Data Fusion Use Cases
Zoomdata supports the following data fusion use cases:
- Looking up descriptions from lookup tables
- Aggregating data using dimensional tables in a star or snowflake schema
- Joining multiple fact tables on common keys
We’ll explore each use case in greater detail and then demonstrate how you can combine these different scenarios together to build unique data fusion data sets for your research and analysis.
Fact-to-Lookup Table Use Case
The lookup description is the simplest use case since it is joining a fact table to a lookup table using a common identity key. In this scenario, the description from a lookup table can be visualized along with metrics information from a fact table. The following diagram illustrates an example of a join between the event (lookup table) and the price paid. The common field between the two disparate tables is event_id.

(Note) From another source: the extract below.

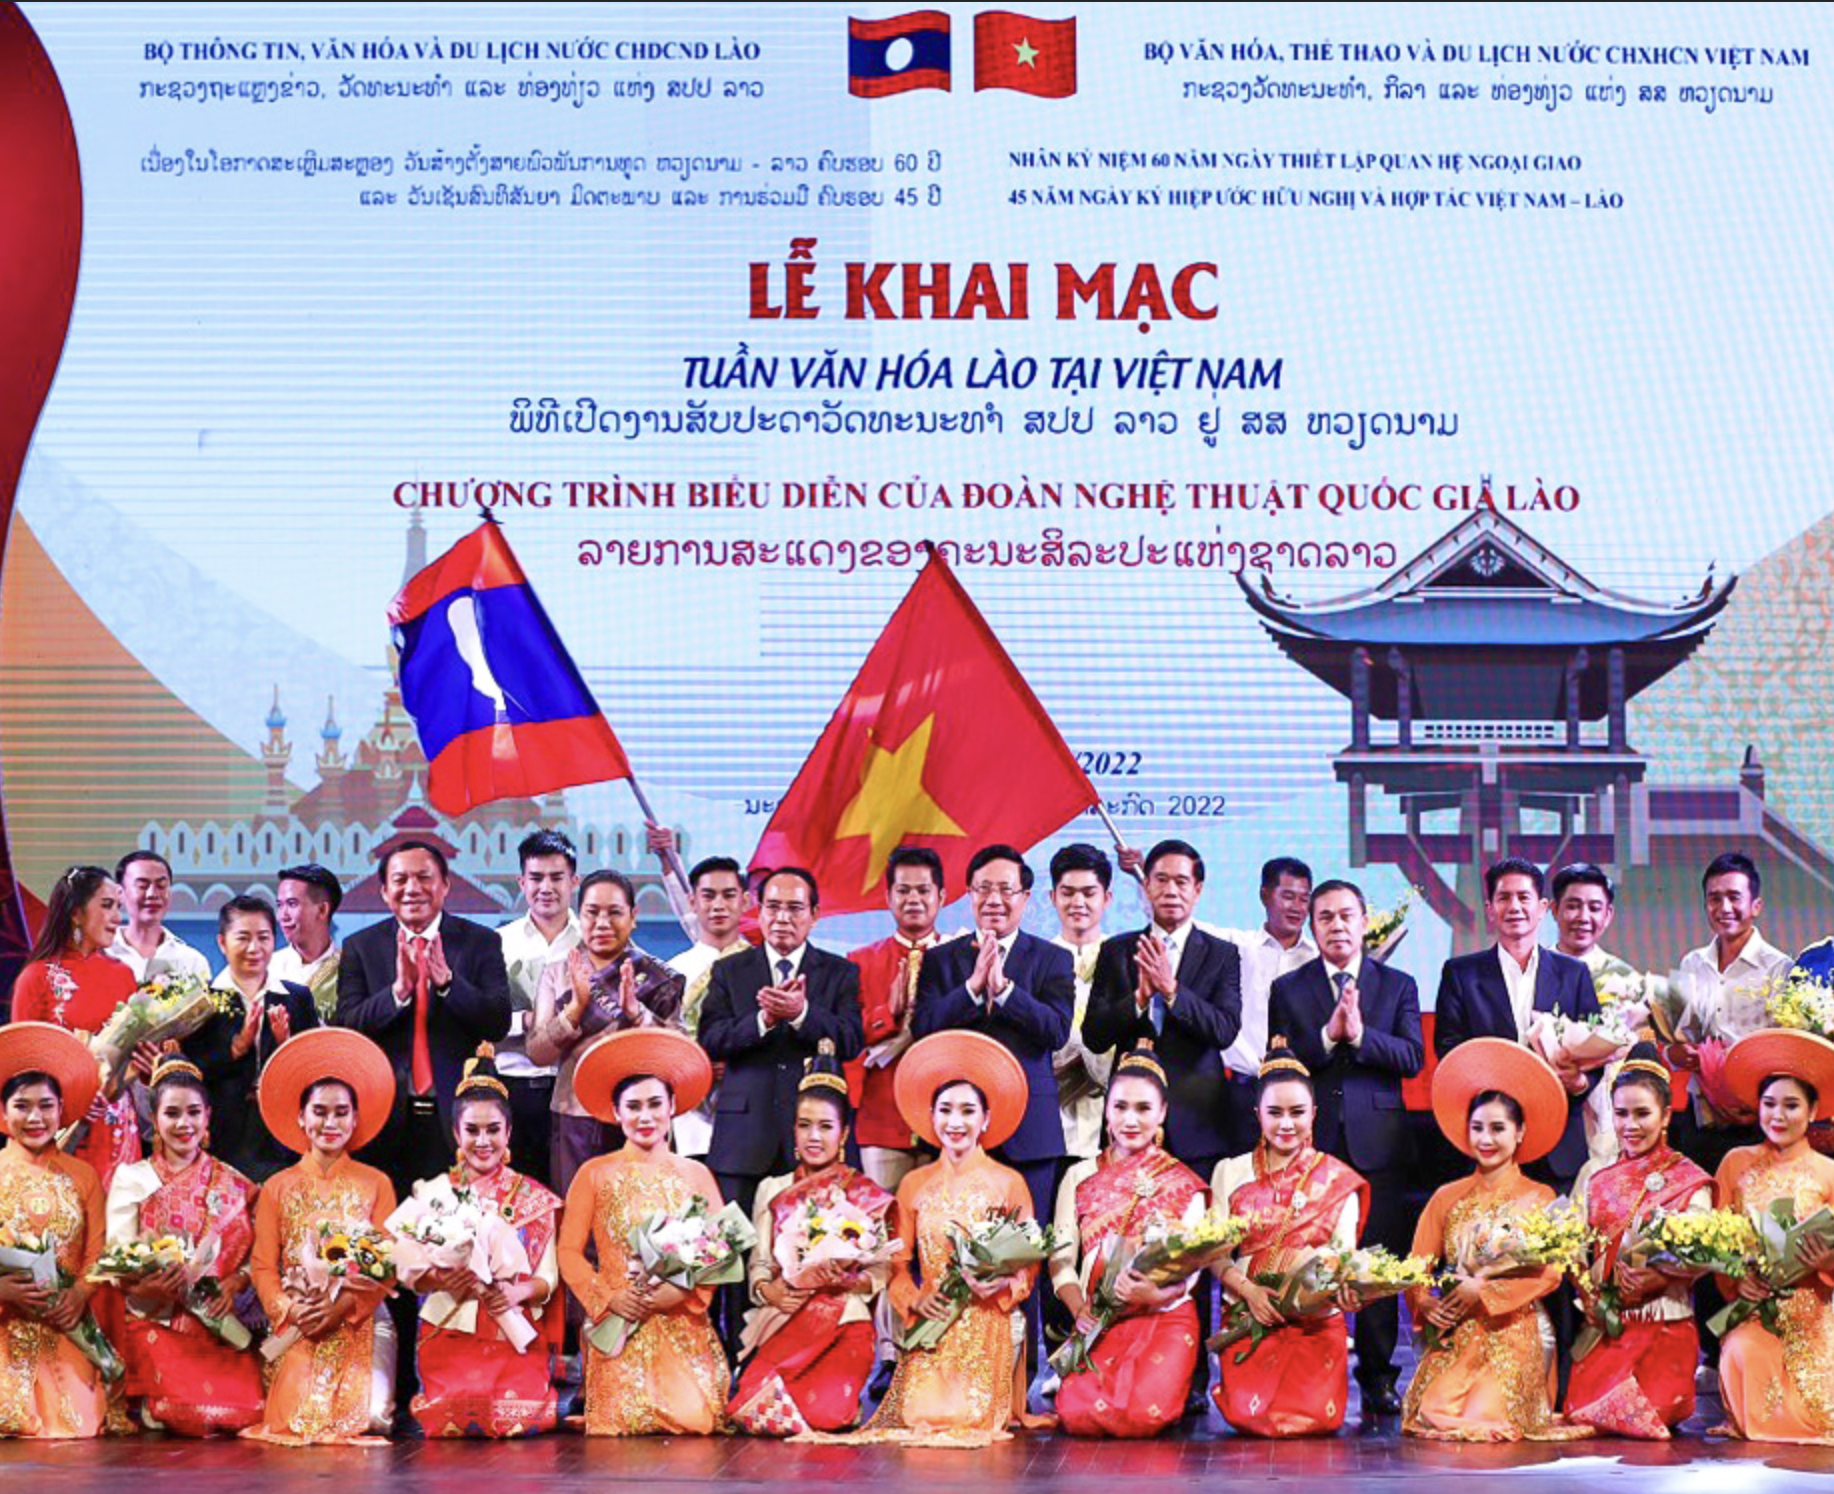 Tưng bừng khai mạc Tuần lễ Văn hóa Lào tại Việt Nam ghi dấu ấn kỷ niệm 60 năm Ngày thiết lập quan hệ ngoại giao Việt Nam - Lào  và 45 năm Ngày ký Hiệp ước Hữu nghị và Hợp tác giữa hai nước.

The resulting fused data includes the attributes from the lookup table and the metrics from the fact table. Any additional group-by attributes that are available from the lookup table are displayed as well.
Star Schema Table Use Case
A star schema table extends the capability of the lookup description use case to dimensional tables that contain attribute descriptions and higher level group-by attributes than on fact table. The fact table can be joined to several dimensional tables using common ID keys (limited to one key per join). This allows you to visualize the fused data set using group-bys and filtering on dimensional attributes sourced from the dimension table in conjunction with metrics from the fact table.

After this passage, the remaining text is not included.